#### Exercise instructions
Would you transcribe the entries below, beginning at the line with "Купить Лак для" and ending after the line with "Set de joaca", exactly, with no picture and nothing more?

#### Data for analysis
BEGIN

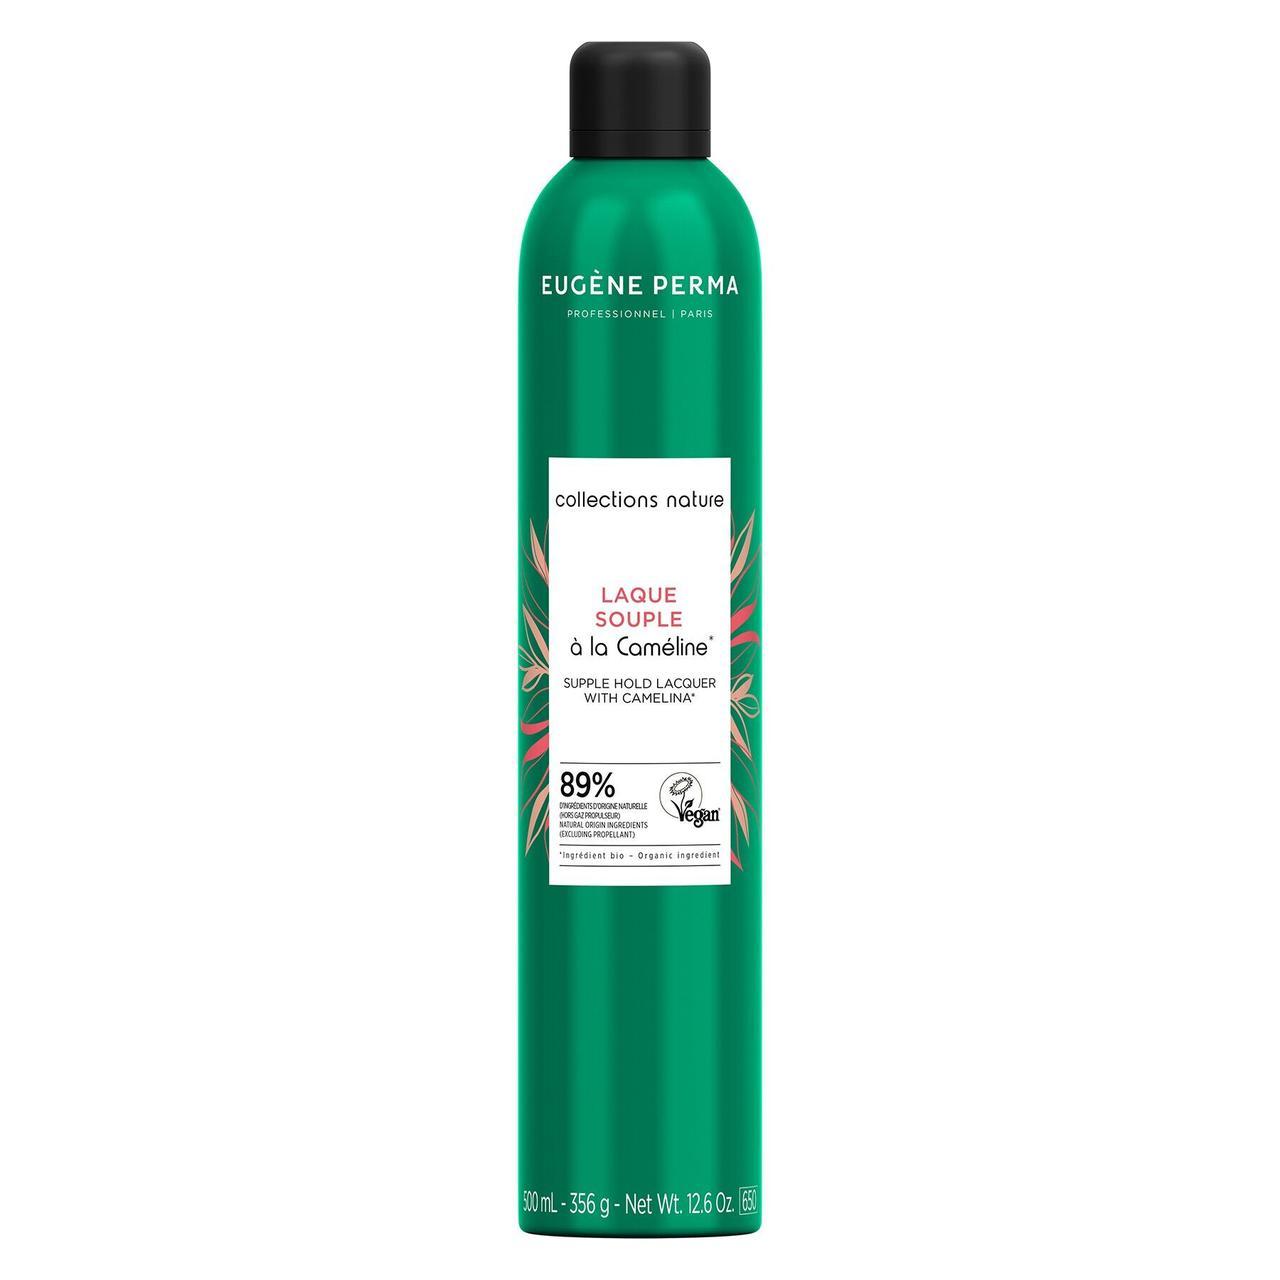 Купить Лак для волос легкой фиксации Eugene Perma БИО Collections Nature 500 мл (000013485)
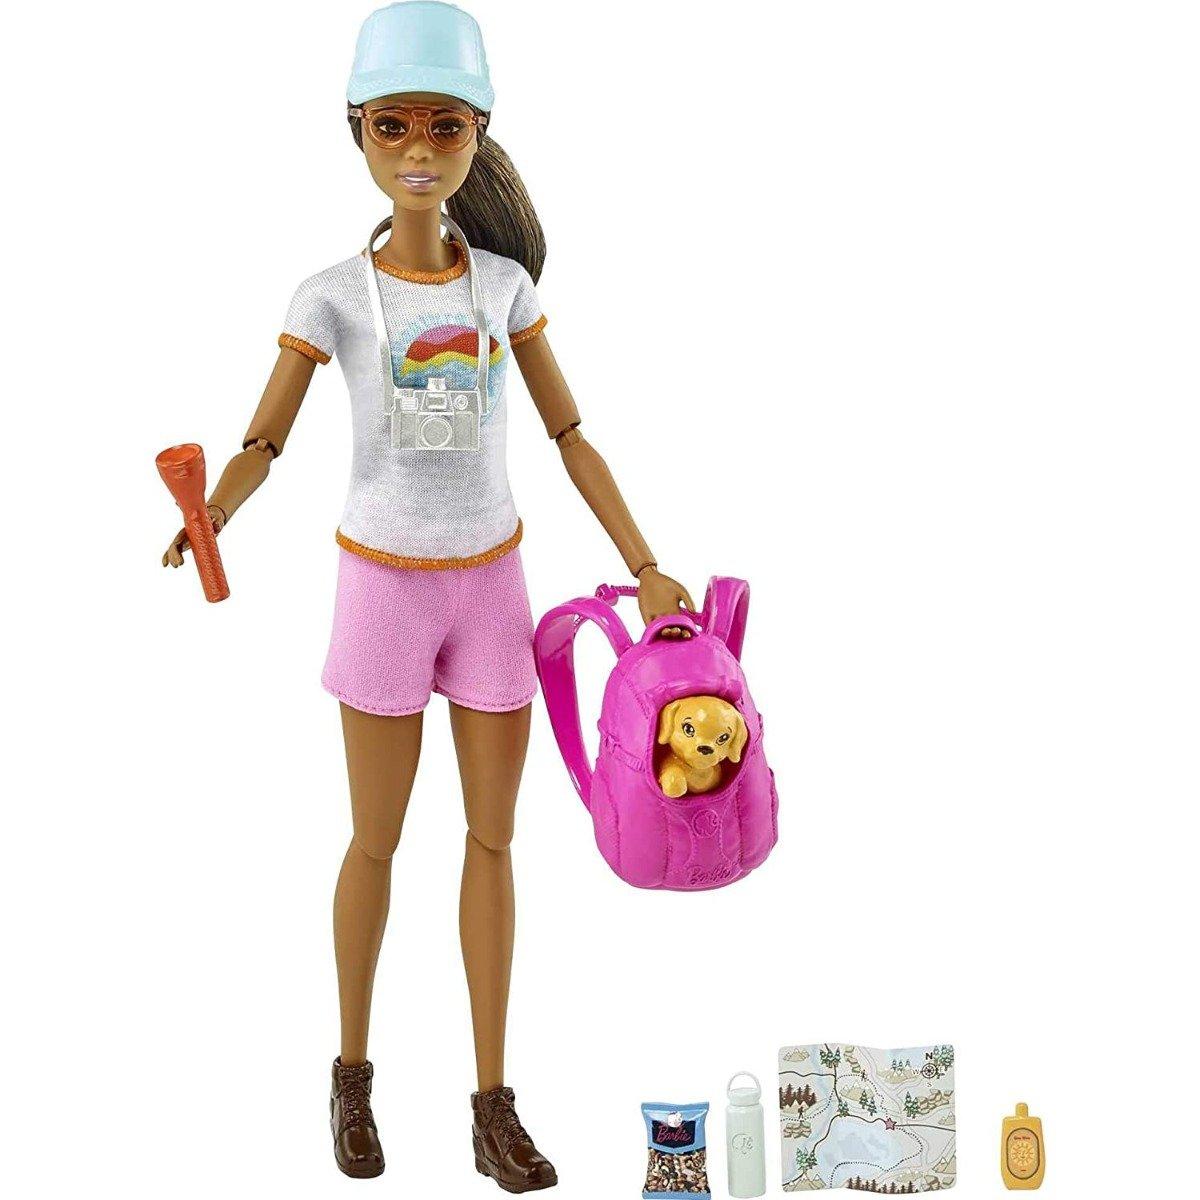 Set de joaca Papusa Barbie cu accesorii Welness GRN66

END
BEGIN

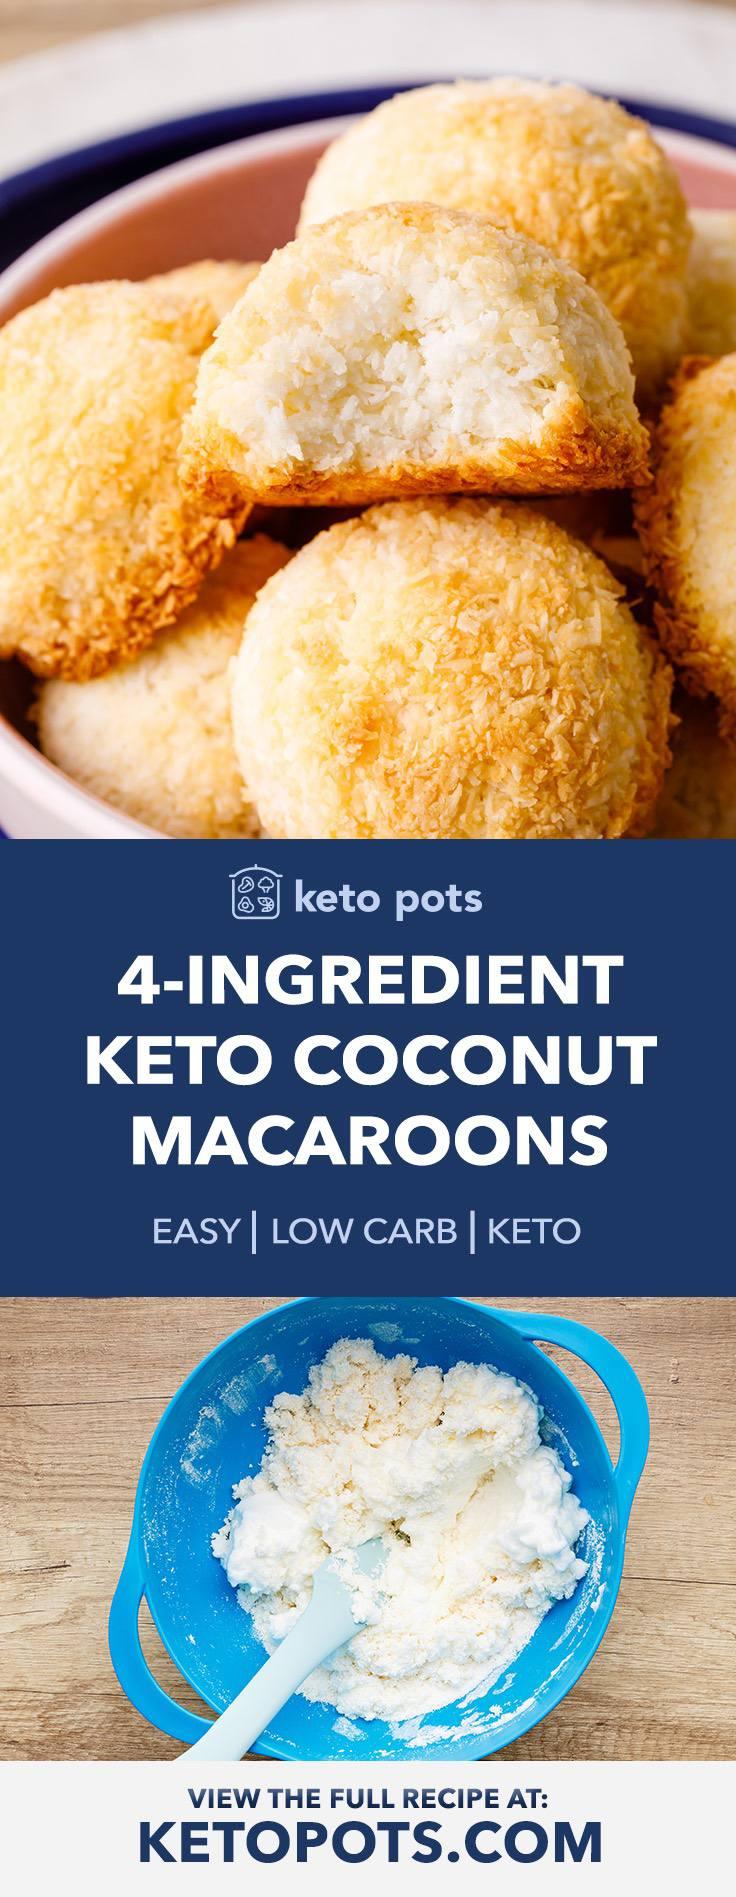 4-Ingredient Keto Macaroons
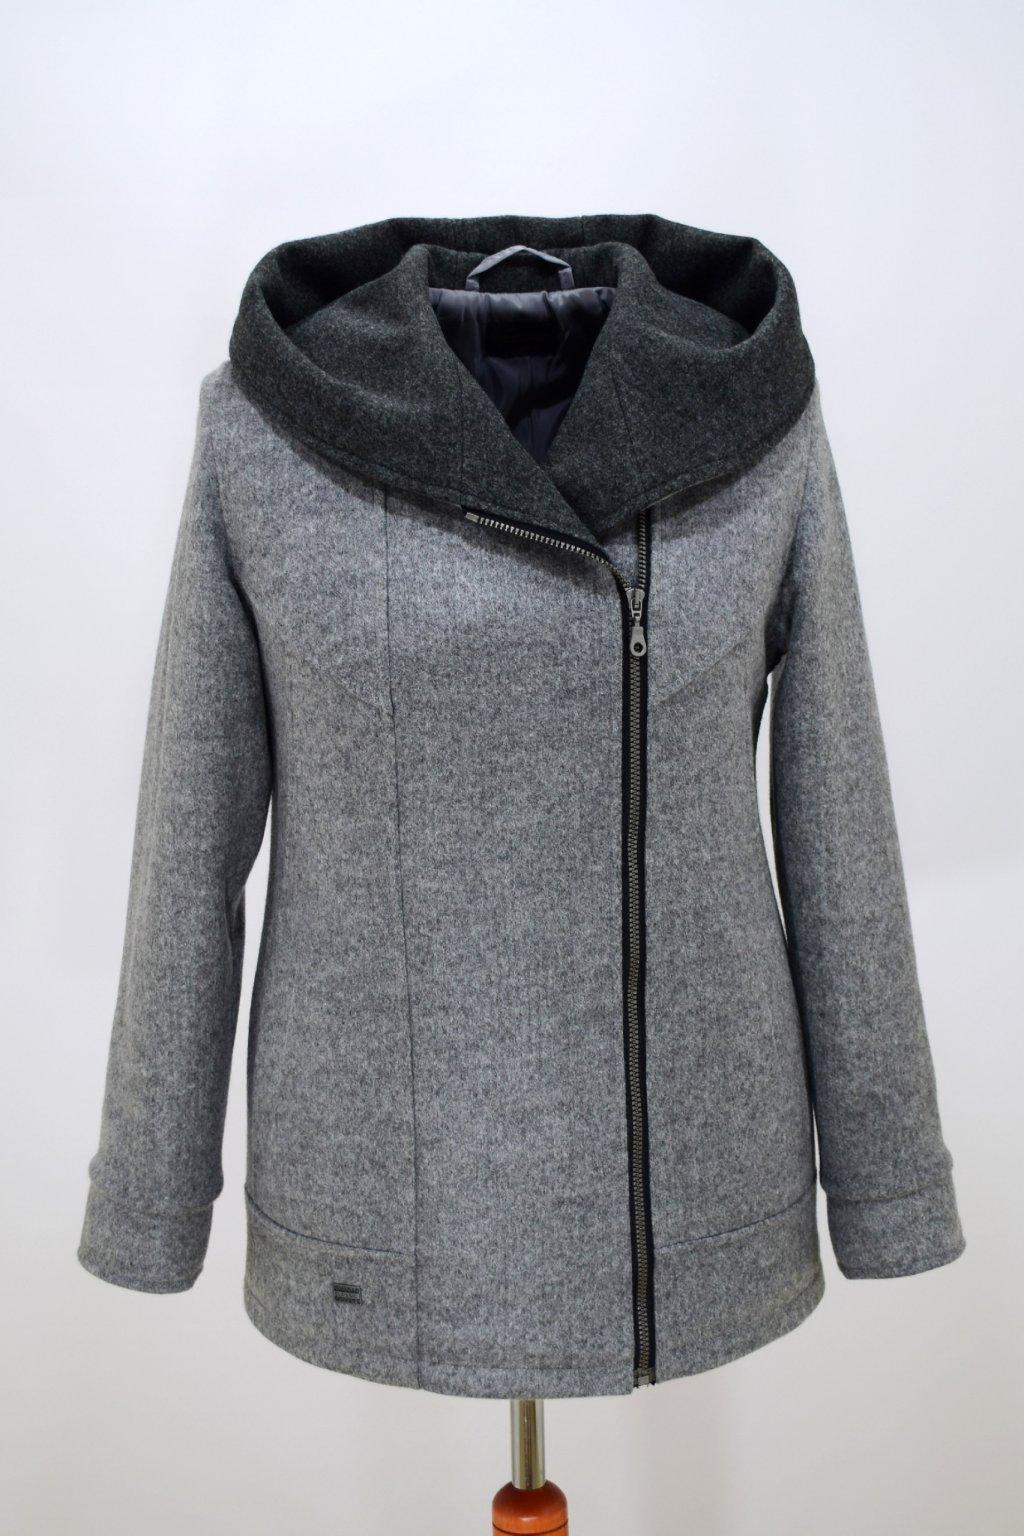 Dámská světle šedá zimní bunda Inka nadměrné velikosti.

END
BEGIN

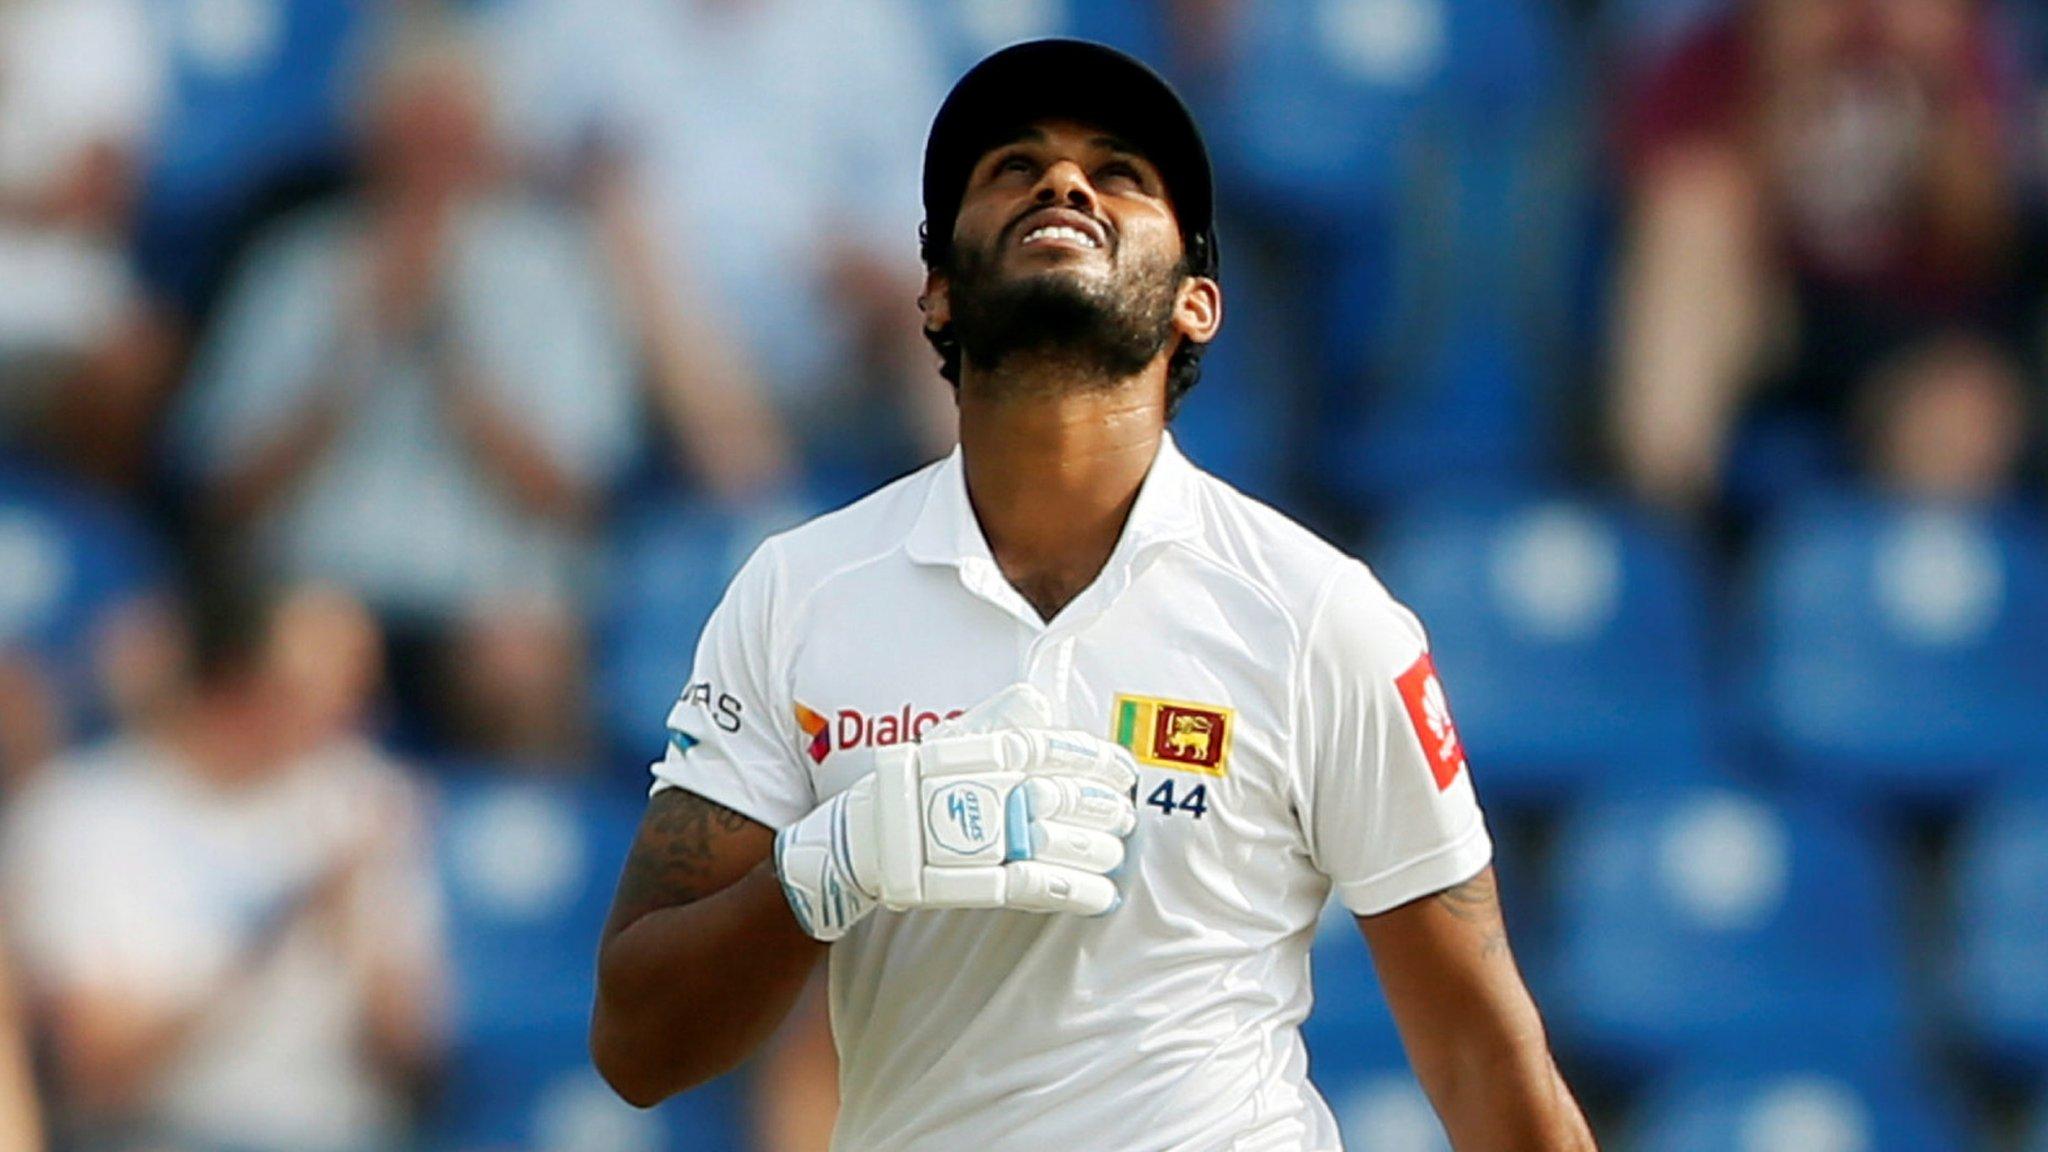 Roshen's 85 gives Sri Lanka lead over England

END

#### Solution for this problem
 Купить Лак для волос легкой фиксации Eugene Perma БИО Collections Nature 500 мл (000013485)
 Set de joaca Papusa Barbie cu accesorii Welness GRN66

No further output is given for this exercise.